JawaPos.com - Polda Jatim membuka hotline pengaduan korban dugaan kekerasan seksual di SMA SPI, Kota Batu, Jawa Timur (Jatim). Tiga nomor berbeda bisa dikontak.

Kabidhumas Polda Jatim Kombespol Gatot Repli Handoko menyebutkan tiga nomor itu adalah 0821666092, 0852 34108323, dan 081234756549. ’’Guna menampung aduan masyarakat yang menjadi terduga korban,” katanya kepada Jawa Pos kemarin (2/6).

Langkah membuat hotline pengaduan itu didasari sejumlah pertimbangan. Di antaranya, jarak lebih dari 100 kilometer yang memisahkan lokasi kejadian di Batu dan Mapolda Jatim di Surabaya. Selain itu, kasus tersebut tergolong sensitif.

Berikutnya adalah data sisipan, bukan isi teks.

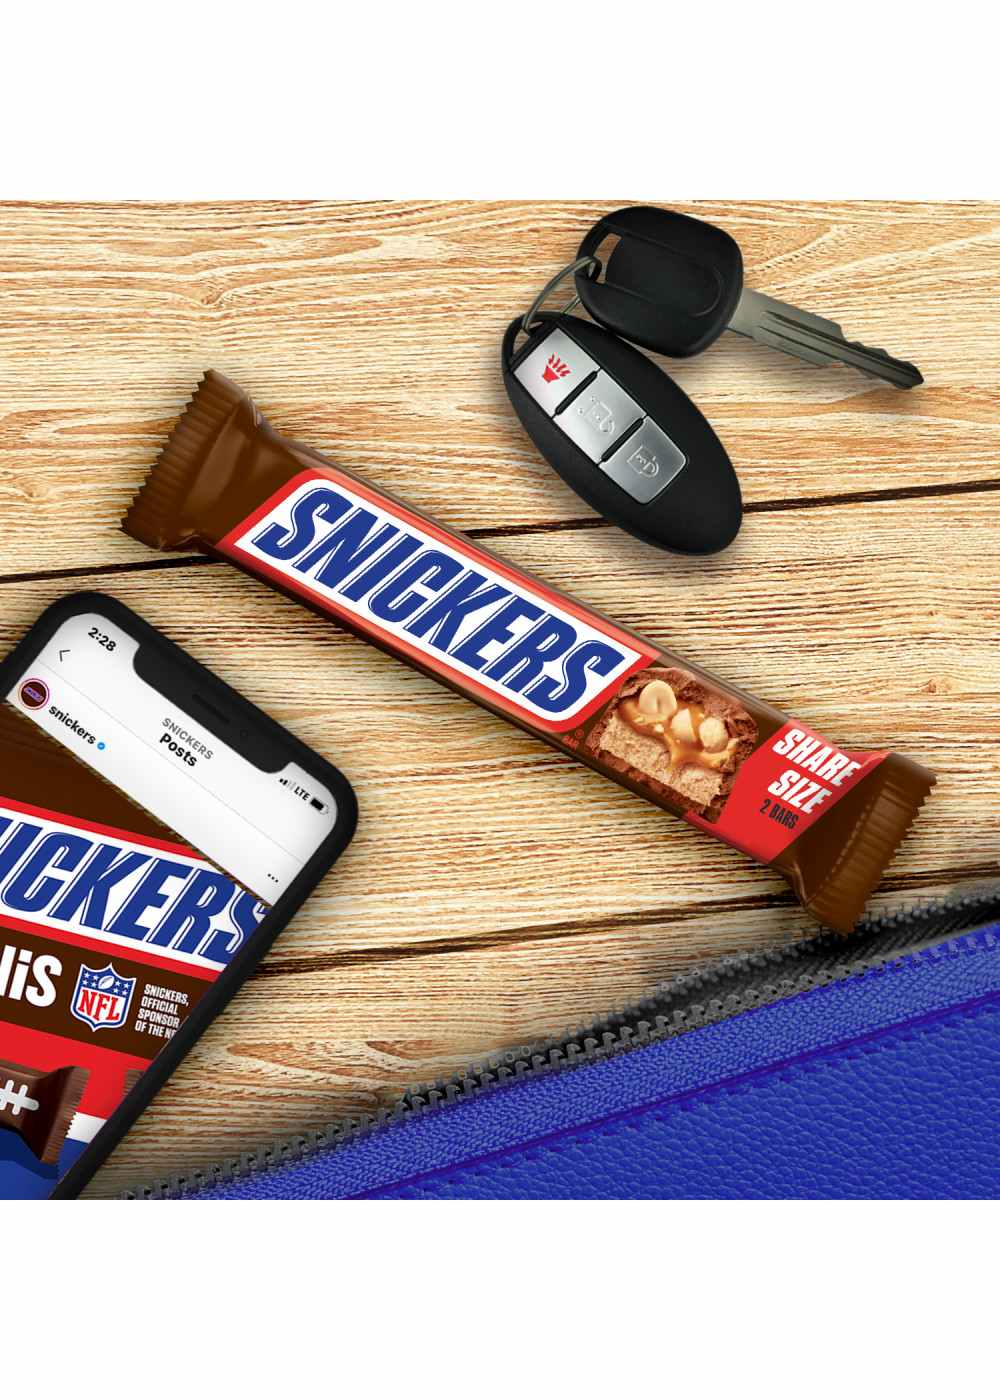 Snickers Milk Chocolate Candy Bar - Share Size; image 4 of 8

Penyidik khawatir tidak semua korban sempat melapor secara langsung. Padahal, kata dia, keterangan mereka sangat diperlukan untuk pendalaman perkara.

Dia memastikan, identitas pengadu pada hotline tersebut dirahasiakan. Baik itu korban secara langsung maupun pemberi informasi terkait kejadian. ’’Kita tampung semua dan keamanannya dijamin,” terangnya.

Tidak hanya membuat hotline pengaduan. Gatot menjelaskan, penyidik juga telah melakukan tindak lanjut laporan dengan menggelar olah tempat kejadian perkara (TKP) Selasa (1/6). Dalam kegiatan itu, tiga korban yang menjadi pelapor diajak.

Menurut dia, tujuan olah TKP adalah mencari petunjuk tentang adanya dugaan pidana yang dilaporkan. Namun, dia mengaku belum bisa menyampaikan hasilnya. Gatot mengatakan, data yang didapat saat olah TKP masih perlu dianalisis penyidik.

Gatot menambahkan, fokus penyidik saat ini adalah mengumpulkan data sebanyak-banyaknya. Data itu akan dijadikan dasar dalam membangun konstruksi perkara yang dilaporkan. ’’Langkah menggali data bisa dilakukan dengan banyak cara. Di antaranya, memeriksa saksi-saksi dan olah TKP,” paparnya.

Lebih lanjut, dia menerangkan, saksi yang diperiksa pada awal tahapan bukan hanya korban. Melainkan juga pihak lain yang memiliki kaitan. Misalnya, pengelola sekolah. ’’Baru nanti di bagian akhir pemanggilan terhadap terlapor yang juga pendiri sekaligus pemilik sekolah,” ujarnya.

Baca juga: Dugaan Kekerasan Seksual, Jangan Sampai Para Pelajar SMA SPI Ketakutan

Ketua Komisi Nasional Perlindungan Anak Arist Merdeka Sirait saat dikonfirmasi terpisah mengatakan, korban dugaan kekerasan seksual itu sangat banyak. ’’Bisa lebih dari 40 (korban, Red),” sebutnya. ’’Kejadiannya sudah berlangsung lama, saya kira ini akan terus melebar,” sambungnya.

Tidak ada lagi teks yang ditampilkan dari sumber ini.